Study on shear capacity of cold-formed thin-walled steel self-drilling screw connections based on machine learning algorithms(PDF)

《建筑科学与工程学报》[ISSN:1673-2049/CN:61-1442/TU]

Issue:
2025年05期
Page:
45-54
Research Field:
建筑结构
Publishing date:

Info

Title:
Study on shear capacity of cold-formed thin-walled steel self-drilling screw connections based on machine learning algorithms
Author(s):
WU Hanheng WANG Chen WANG Tao SUI Lu ZHOU Tianhua
(School of Civil Engineering, Chang'an University, Xi'an 710061, Shaanxi, China)
Keywords:
cold-formed thin-walled steel machine learning self-drilling screw connection shear capacity
PACS:
TU392.5
DOI:
10.19815/j.jace.2024.04089
Abstract:
In order to improve the accuracy of shear capacity prediction of cold-formed thin-walled steel self-drilling screw connection, a shear capacity prediction model based on machine learning algorithm was proposed. Based on tests, taking thickness of steel plates contacting with screw heads and screw tails as well as diameter of screws as factors, the BP neural network and support vector regression(SVR)algorithms were used to train the test data. Then the prediction models of shear bearing capacity were obtained. The prediction results were compared with test values and code values. The results show that the two machine learning algorithms can predict the shear capacity more accurately and have high prediction accuracy. The models have a strong generalization ability, but the calculated values based on related codes are conservative.
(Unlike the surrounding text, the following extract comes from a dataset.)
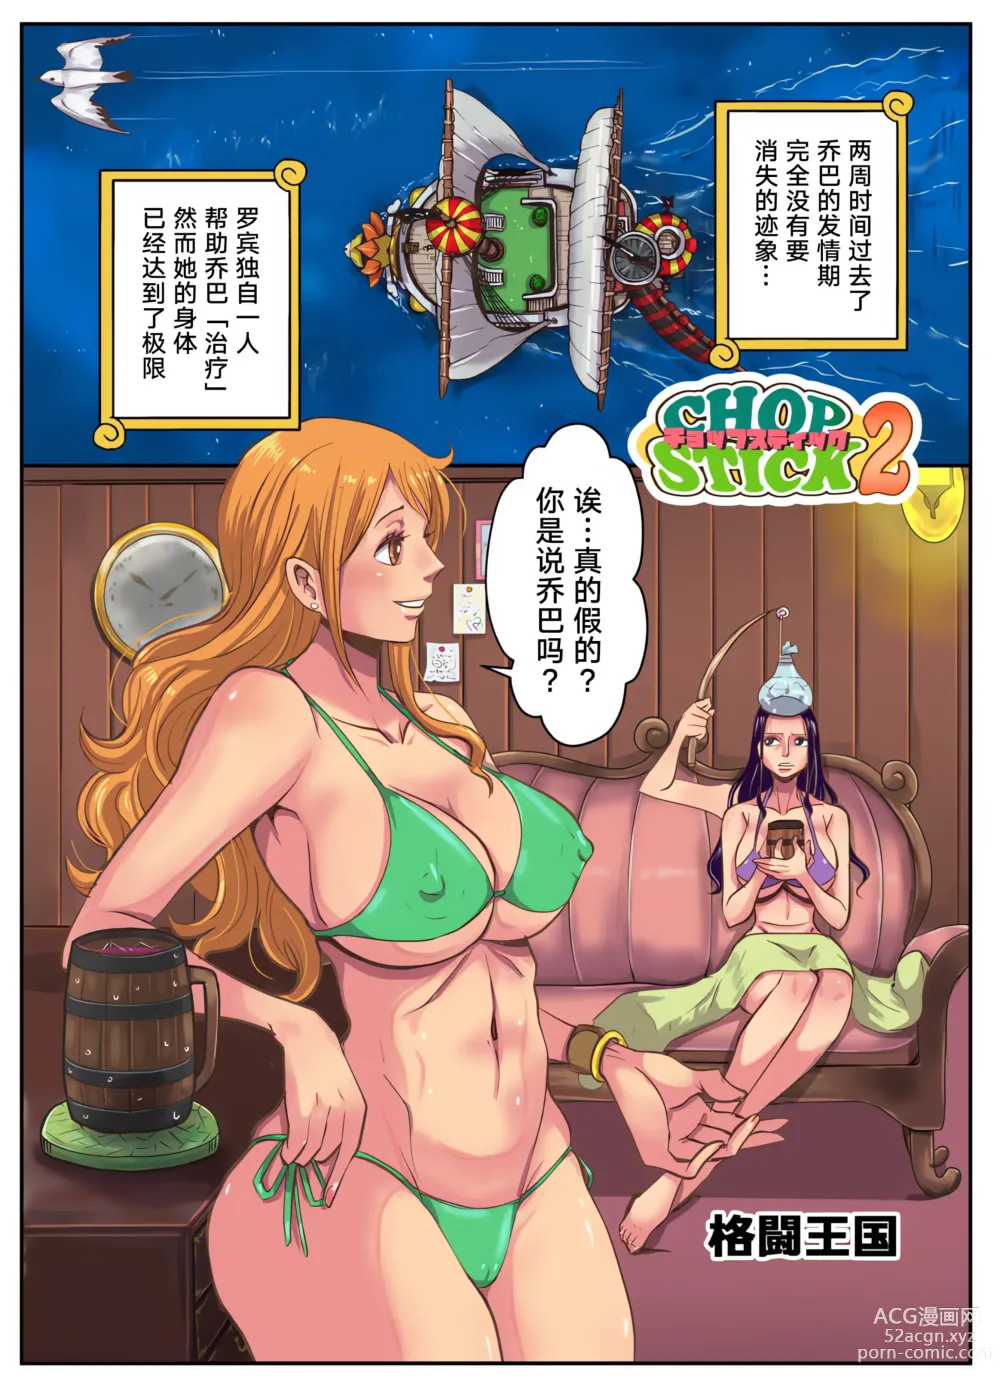 Page 4 of doujinshi CHOP STICK 2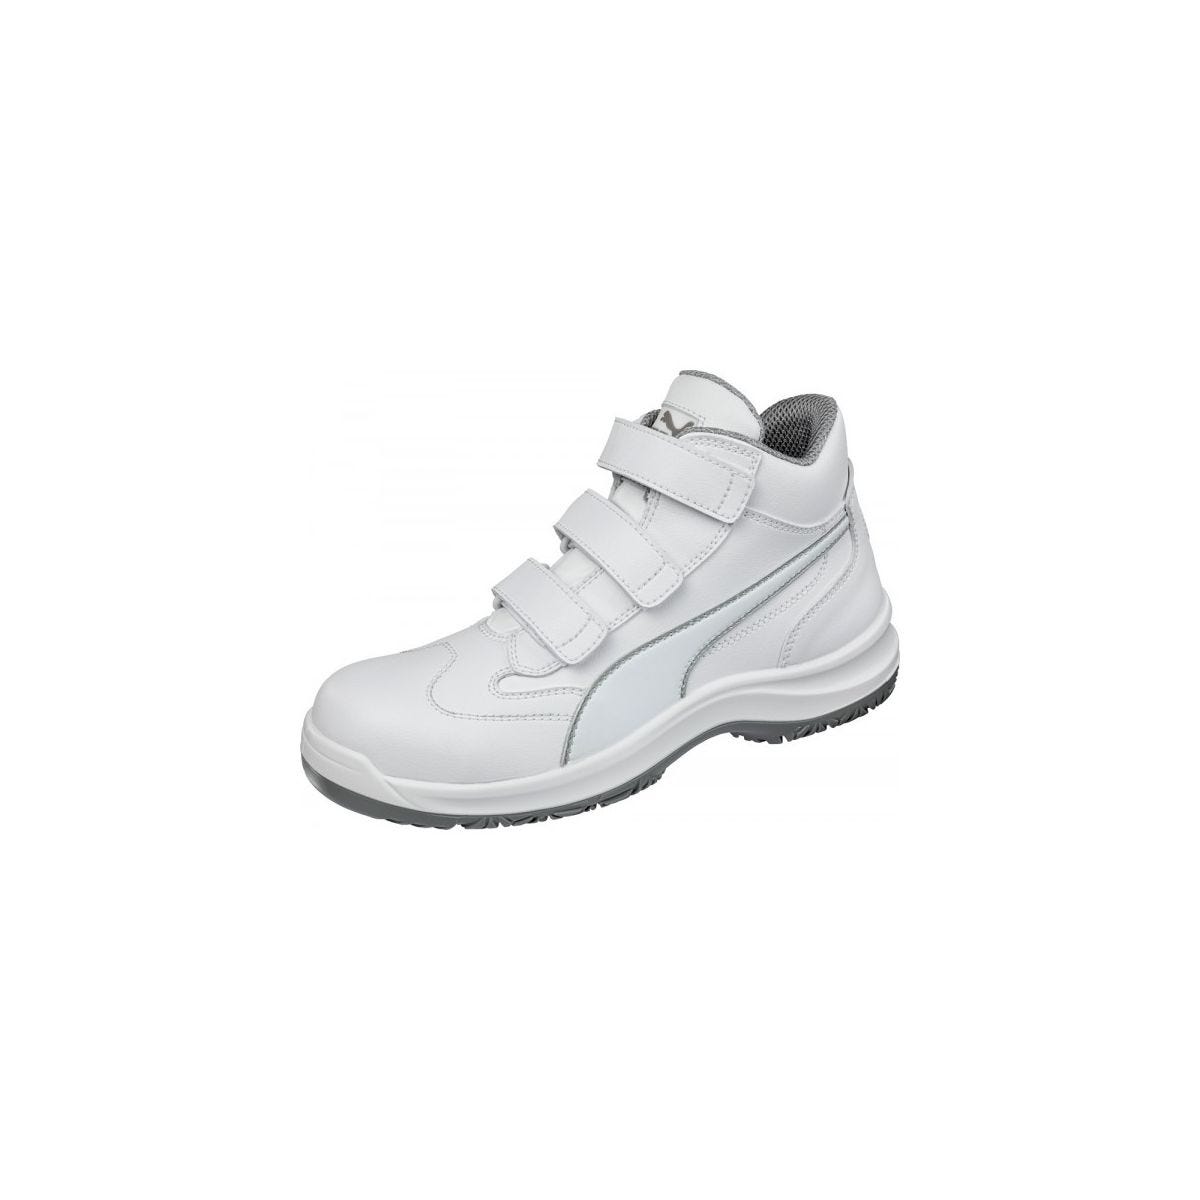 Chaussures de sécurité Absolute Mid S2 Blanc - Puma - Taille 38 1

Compared with the prediction model of bearing capacity based on BP neural network algorithm, the fit goodness based on SVR algorithm is improved by 3.5%, the root mean square error is reduced by 27%, and the mean absolute error is reduced by 13%, which indicate that the prediction accuracy of the SVR model is better than that of BP neural network. The research findings can provide references for application of actual engineering.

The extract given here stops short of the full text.